A Python library for obtaining asymmetric measures of association between categorical variables in data exploration and description
Project description
ASymCat: Asymmetric Categorical Association Analysis
ASymCat is a comprehensive Python library for analyzing asymmetric associations between categorical variables. Unlike traditional symmetric measures that treat relationships as bidirectional, ASymCat provides directional measures that reveal which variable predicts which, making it invaluable for understanding causal relationships, dependencies, and information flow in categorical data.
Key Features
- 17+ Association Measures: From basic MLE to advanced information-theoretic measures
- Directional Analysis: X→Y vs Y→X asymmetric relationship quantification
- Robust Smoothing: FreqProb integration for numerical stability
- Multiple Data Formats: Sequences, presence-absence matrices, n-grams
- Scalable Architecture: Optimized for large datasets with efficient algorithms
Why Asymmetric Measures Matter
Traditional measures like Pearson's χ² or Cramér's V treat associations as symmetric: the relationship between X and Y is the same as between Y and X. However, many real-world relationships are inherently directional:
- Linguistics: Phoneme transitions may be predictable in one direction but not the other
- Ecology: Species presence may predict other species asymmetrically
- Market Research: Product purchases may show directional dependencies
- Medical Analysis: Symptoms may predict conditions more reliably than vice versa
ASymCat quantifies these directional relationships, revealing hidden patterns that symmetric measures miss.
Quick Example
import asymcat
# Load your categorical data
data = asymcat.read_sequences("data.tsv") # or read_pa_matrix() for binary data
# Collect co-occurrences
cooccs = asymcat.collect_cooccs(data)
# Create scorer and analyze
scorer = asymcat.CatScorer(cooccs)
# Get asymmetric measures
mle_scores = scorer.mle() # Maximum likelihood estimation
pmi_scores = scorer.pmi() # Pointwise mutual information
chi2_scores = scorer.chi2() # Chi-square with smoothing
fisher_scores = scorer.fisher() # Fisher exact test
# Each returns {(x, y): (x→y_score, y→x_score)}
print(f"A→B: {mle_scores[('A', 'B')][0]:.3f}")
print(f"B→A: {mle_scores[('A', 'B')][1]:.3f}")
Installation
From PyPI (Recommended)
pip install asymcat
From Source
git clone https://github.com/tresoldi/asymcat.git
cd asymcat
pip install -e ".[dev]" # Install with all optional dependencies
Documentation & Resources
ASymCat provides comprehensive documentation organized for different needs:
Core Documentation
| Document | Purpose | Audience |
|---|---|---|
| User Guide | Conceptual foundations, theory, best practices | Everyone - start here |
| API Reference | Complete technical API documentation | Developers |
| LLM Documentation | Quick integration and code patterns | AI agents, rapid development |
Progressive Interactive Tutorials
Learn ASymCat through hands-on Nhandu tutorials with executable code and visualizations:
Tutorial 1: Basics
Foundation - Get started with asymmetric analysis 📄 Python source | 🌐 View HTML
- What are asymmetric associations and why they matter
- Basic workflow: load → collect → score
- Simple measures (MLE, PMI, Jaccard)
- Working with sequences and presence-absence data
Tutorial 2: Advanced Measures
Depth - Master all 17+ association measures 📄 Python source | 🌐 View HTML
- Information-theoretic measures (PMI, NPMI, Theil's U)

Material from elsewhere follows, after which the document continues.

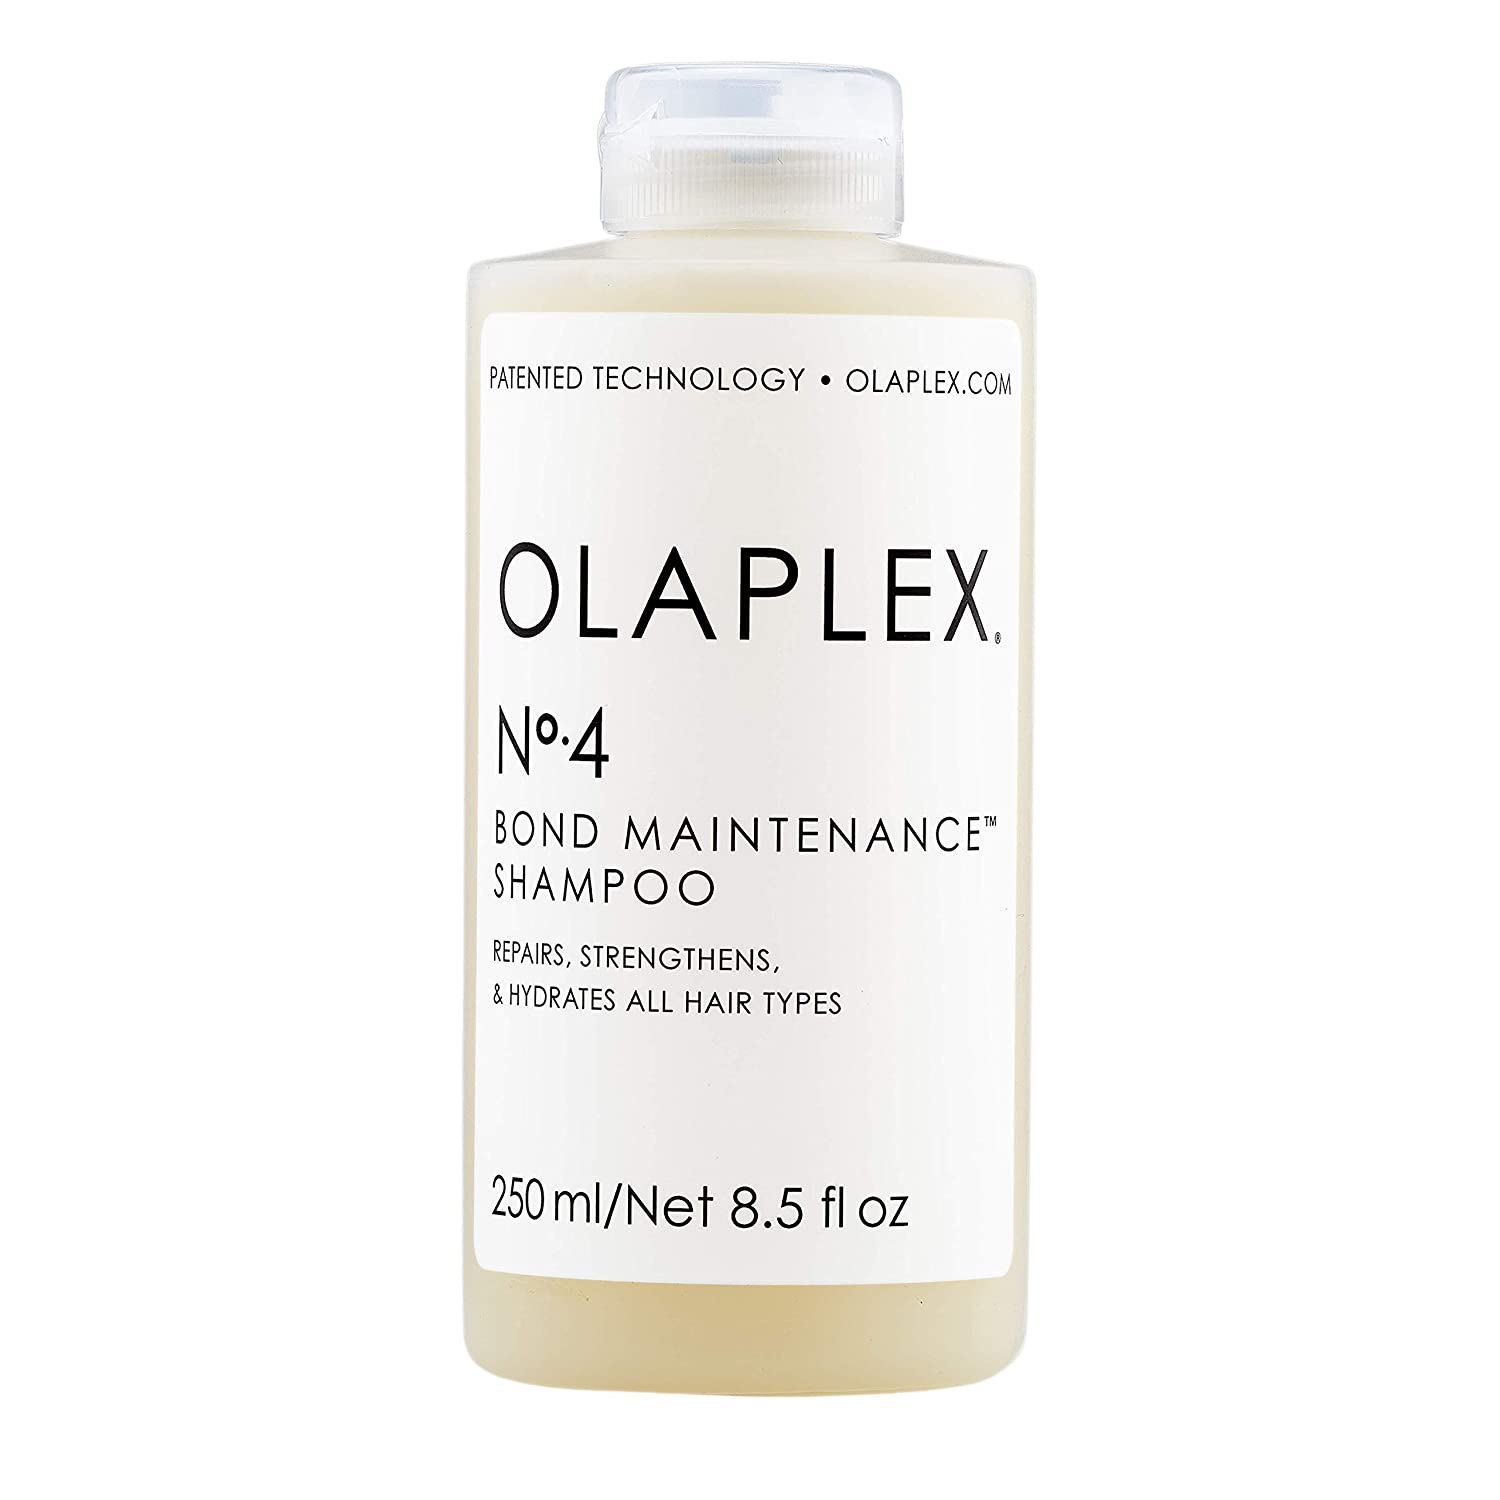 Træ beslutte Slør Sulfatfri Shampoo (2022) → Find den bedste sulfatfri shampoo

- Statistical measures (Chi-square, Cramér's V, Fisher)
- Smoothing methods and their effects
- Measure selection decision tree
Tutorial 3: Visualization
Communication - Create publication-quality figures 📄 Python source | 🌐 View HTML
- Heatmap visualizations of association matrices
- Score distribution and asymmetry plots
- Matrix transformations (scaling, inversion)

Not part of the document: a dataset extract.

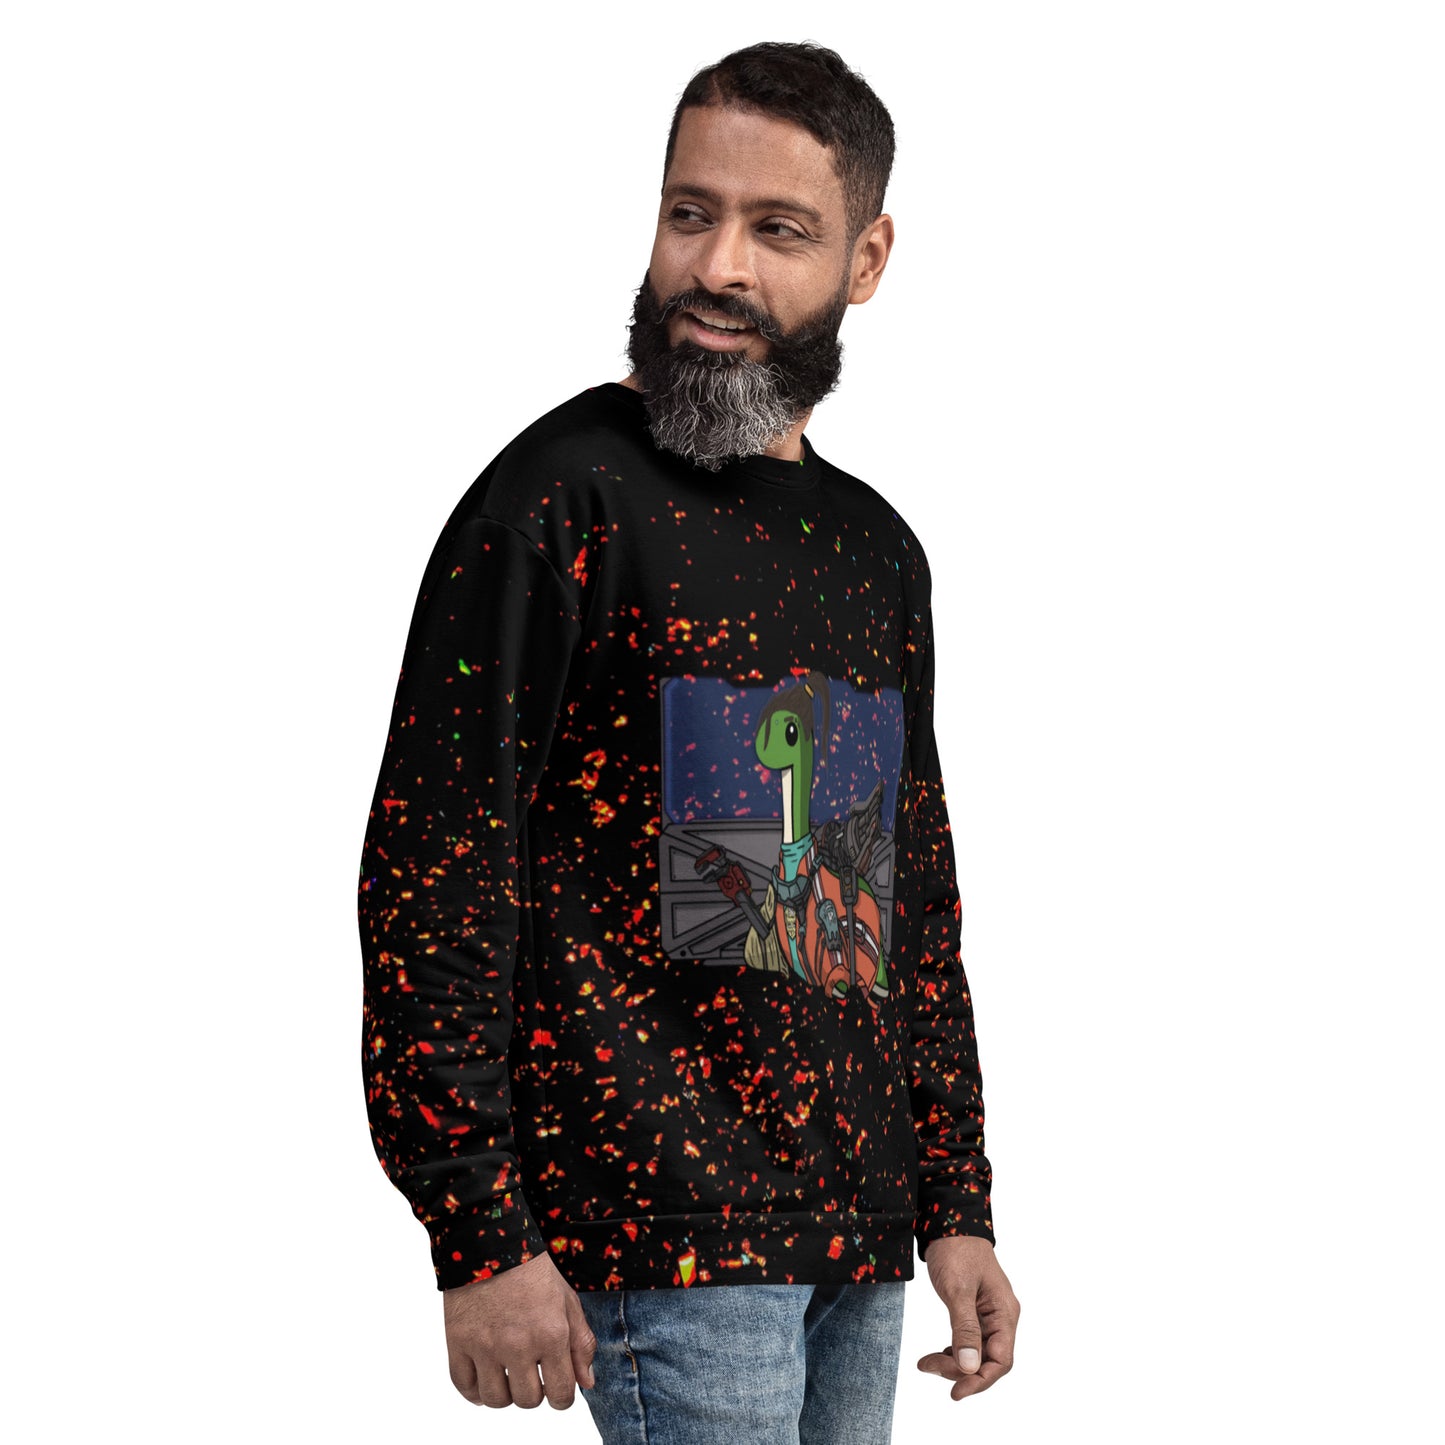 Rampart Nessie All-Over Print Jumper/Sweatshirt (Apex Legends)

- Multi-measure comparison panels
Tutorial 4: Real-World Applications
Application - Complete analysis workflows 📄 Python source | 🌐 View HTML
- Linguistics: Grapheme-phoneme correspondence analysis
- Ecology: Galápagos finch species co-occurrence patterns
- Machine Learning: Feature selection with asymmetric measures
- Interpretation best practices and reporting strategies
All tutorials are fully executed with committed outputs - view the HTML files online via the links above, or run the Python source files locally to explore and modify. Generate fresh documentation with
make docs.
Additional Resources
- Documentation Index: Complete navigation guide
- CHANGELOG: Version history and migration guides
Association Measures
ASymCat implements 17+ association measures organized by type:
Probabilistic Measures
- MLE: Maximum Likelihood Estimation - P(X|Y) and P(Y|X)
- Jaccard Index: Set overlap with asymmetric interpretation
Information-Theoretic Measures
- PMI: Pointwise Mutual Information (log P(X,Y)/P(X)P(Y))

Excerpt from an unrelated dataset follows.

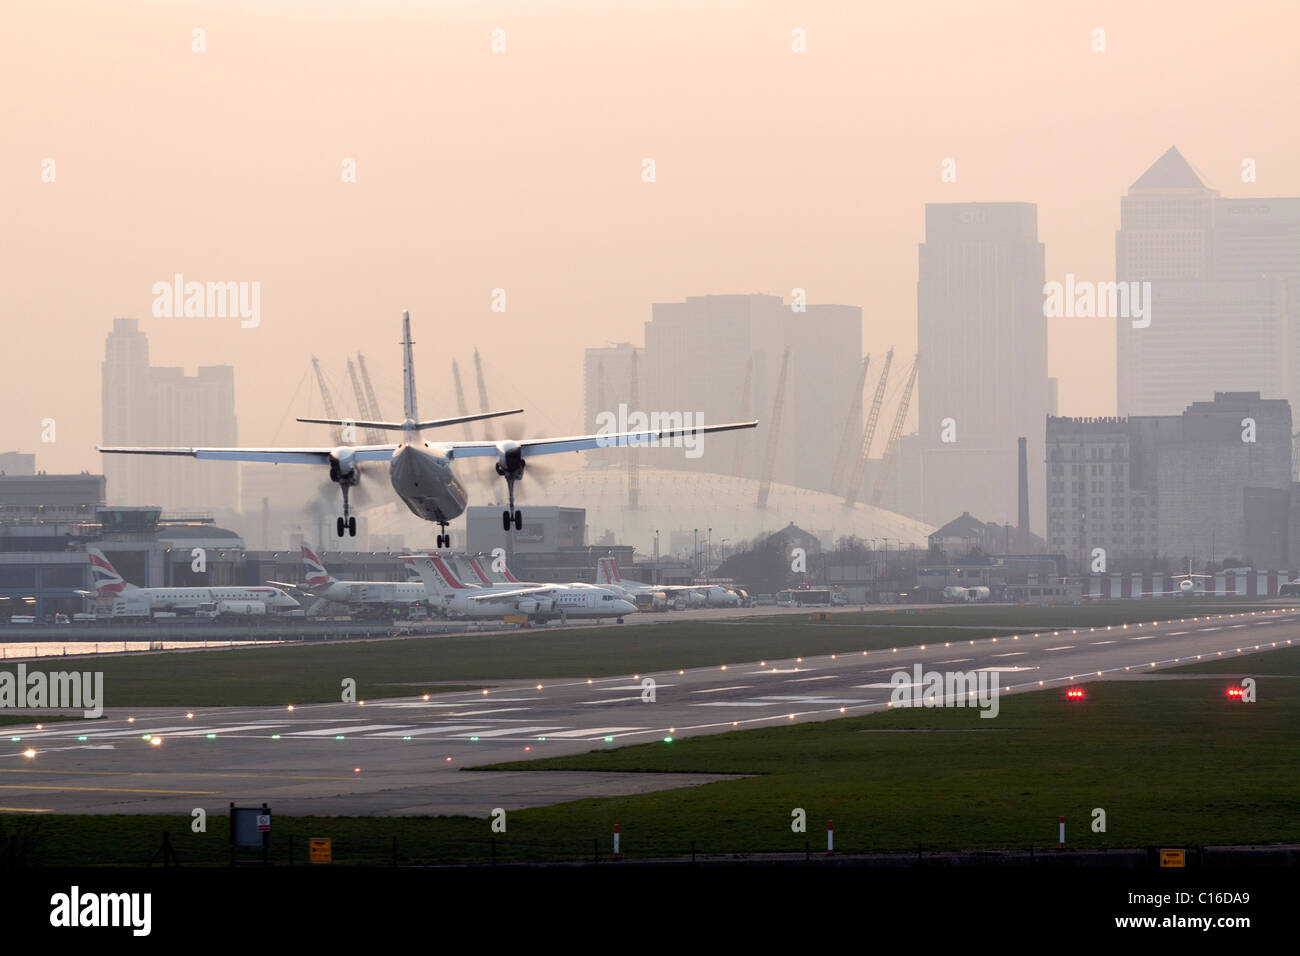 L'aéroport de London City - Docklands Banque D'Images

- PMI Smoothed: Numerically stable PMI with FreqProb smoothing
- NPMI: Normalized PMI [-1, 1] range
- Mutual Information: Average information shared
- Conditional Entropy: Information remaining after observing condition
Statistical Measures
- Chi-Square: Pearson's χ² with optional smoothing
- Cramér's V: Normalized chi-square association
- Fisher Exact: Exact odds ratios for small samples
- Log-Likelihood Ratio: G² statistic
Specialized Measures
- Theil's U: Uncertainty coefficient (entropy-based)
- Tresoldi: Custom measure designed for sequence alignment
- Goodman-Kruskal λ: Proportional reduction in error
Data Formats
Sequence Data (TSV)
# linguistic_data.tsv
sound_from sound_to
p a t a B A T A
k a t a G A T A
Presence-Absence Matrix (TSV)
# species_data.tsv
site species_A species_B species_C
island_1 1 0 1
island_2 1 1 0
N-gram Support
# Automatic n-gram extraction
bigrams = asymcat.collect_cooccs(data, order=2, pad="#")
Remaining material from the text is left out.